Here we are, just at the start of 2018 and we’ve had the first major bug disclosure of the year. Researchers have found a critical vulnerability in modern processors which impacts not just servers and desktops but also mobile devices.
Courtesy of Meltdown Attack.
Meltdown and Spectre exploit critical vulnerabilities in modern processors. These hardware bugs allow programs to steal data which is currently processed on the computer. While programs are typically not permitted to read data from other programs, a malicious program can exploit Meltdown and Spectre to get hold of secrets stored in the memory of other running programs. This might include your passwords stored in a password manager or browser, your personal photos, emails, instant messages and even business-critical documents.
Meltdown breaks the most fundamental isolation between user applications and the operating system. This attack allows a program to access the memory, and thus also the secrets, of other programs and the operating system.
If your computer has a vulnerable processor and runs an unpatched operating system, it is not safe to work with sensitive information without the chance of leaking the information. This applies both to personal computers as well as cloud infrastructure. Luckily, there are software patches against Meltdown.

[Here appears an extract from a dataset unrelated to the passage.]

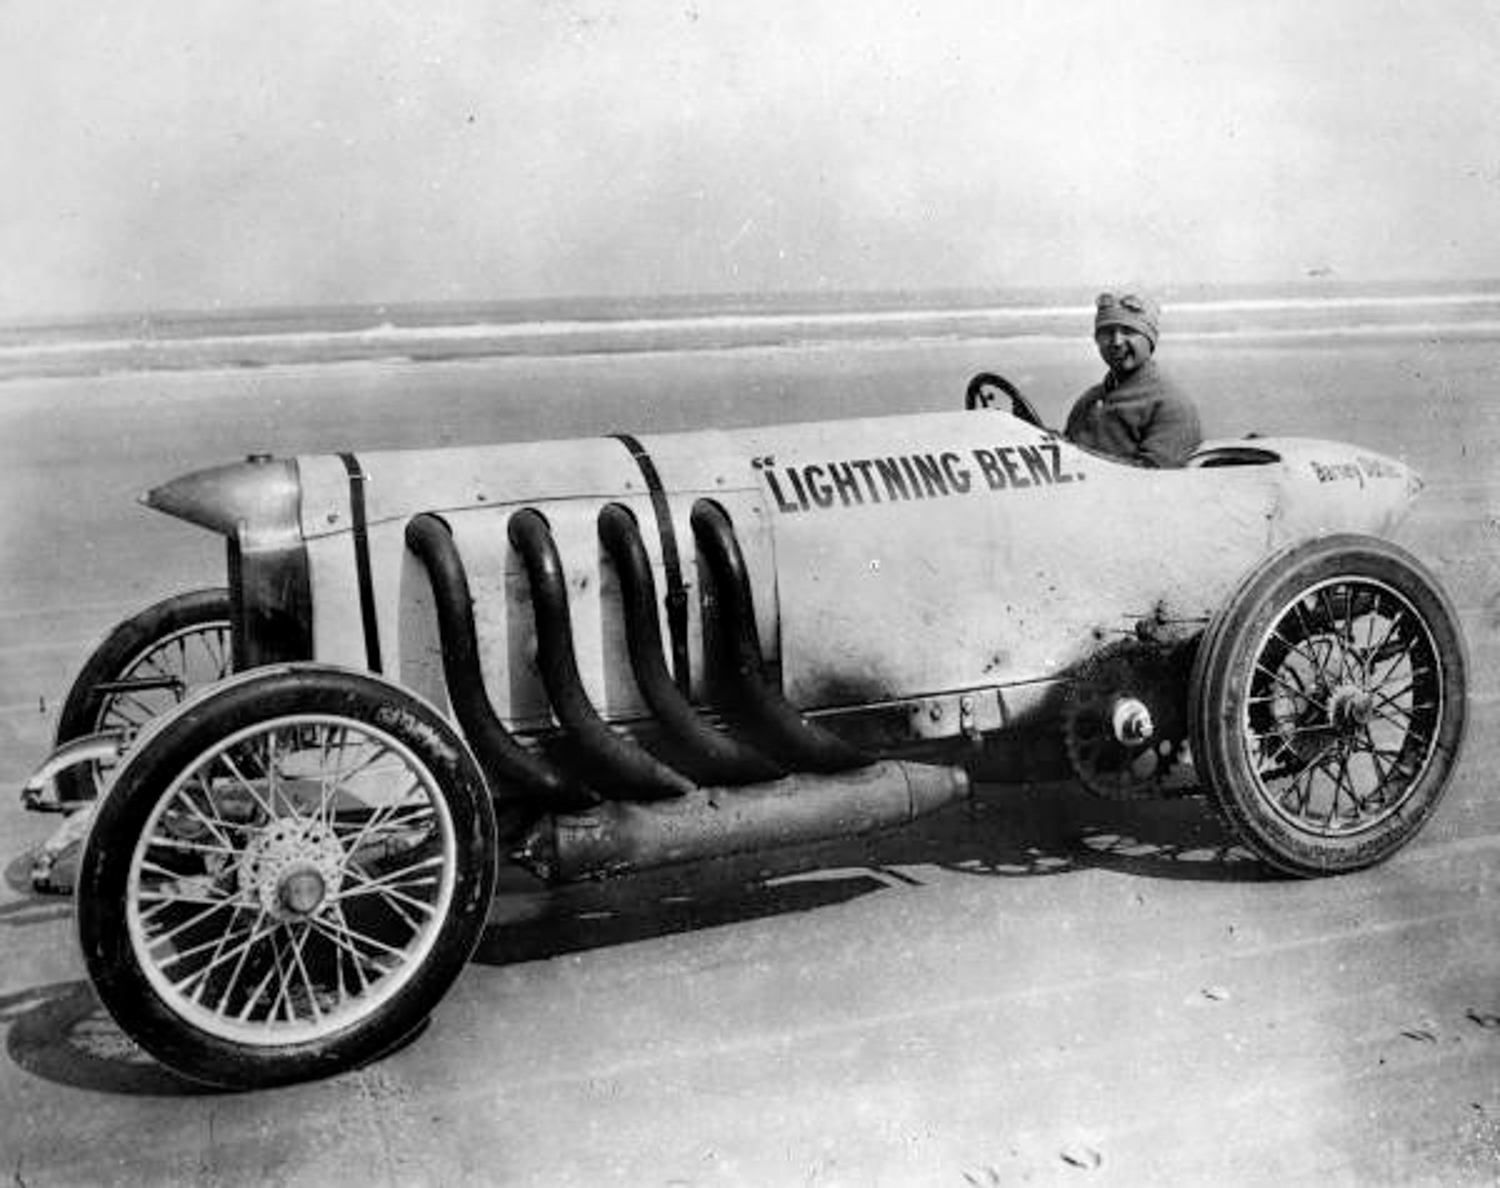 Oldfield paid $4000 for the Lightning Benz and set numerous speed records with it.

Spectre breaks the isolation between different applications. It allows an attacker to trick error-free programs, which follow best practices, into leaking their secrets. In fact, the safety checks of said best practices actually increase the attack surface and may make applications more susceptible to Spectre
Spectre is harder to exploit than Meltdown, but it is also harder to mitigate. However, it is possible to prevent specific known exploits based on Spectre through software patches.
How This Affects Azure
As many of you will be aware, Microsoft had already scheduled in planned maintenance as part of a host upgrade to Windows Server 2016. This maintenance was accelerated as part of the vulnerability which was discovered and Microsoft took the decision to bring forward the planned reboot.
You can take a number of steps to ensure you stay secure. This is important as don’t forget this vulnerability is set to affect the majority of devices.
- Enable browser site isolation (Chrome / Firefox).
- Install the latest Microsoft update.
- Update your Android phone.
Apple is yet to announce anything for iOS, however, I understand that OS X already has an earlier update to resolve this vulnerability, this requires High Sierra to be installed.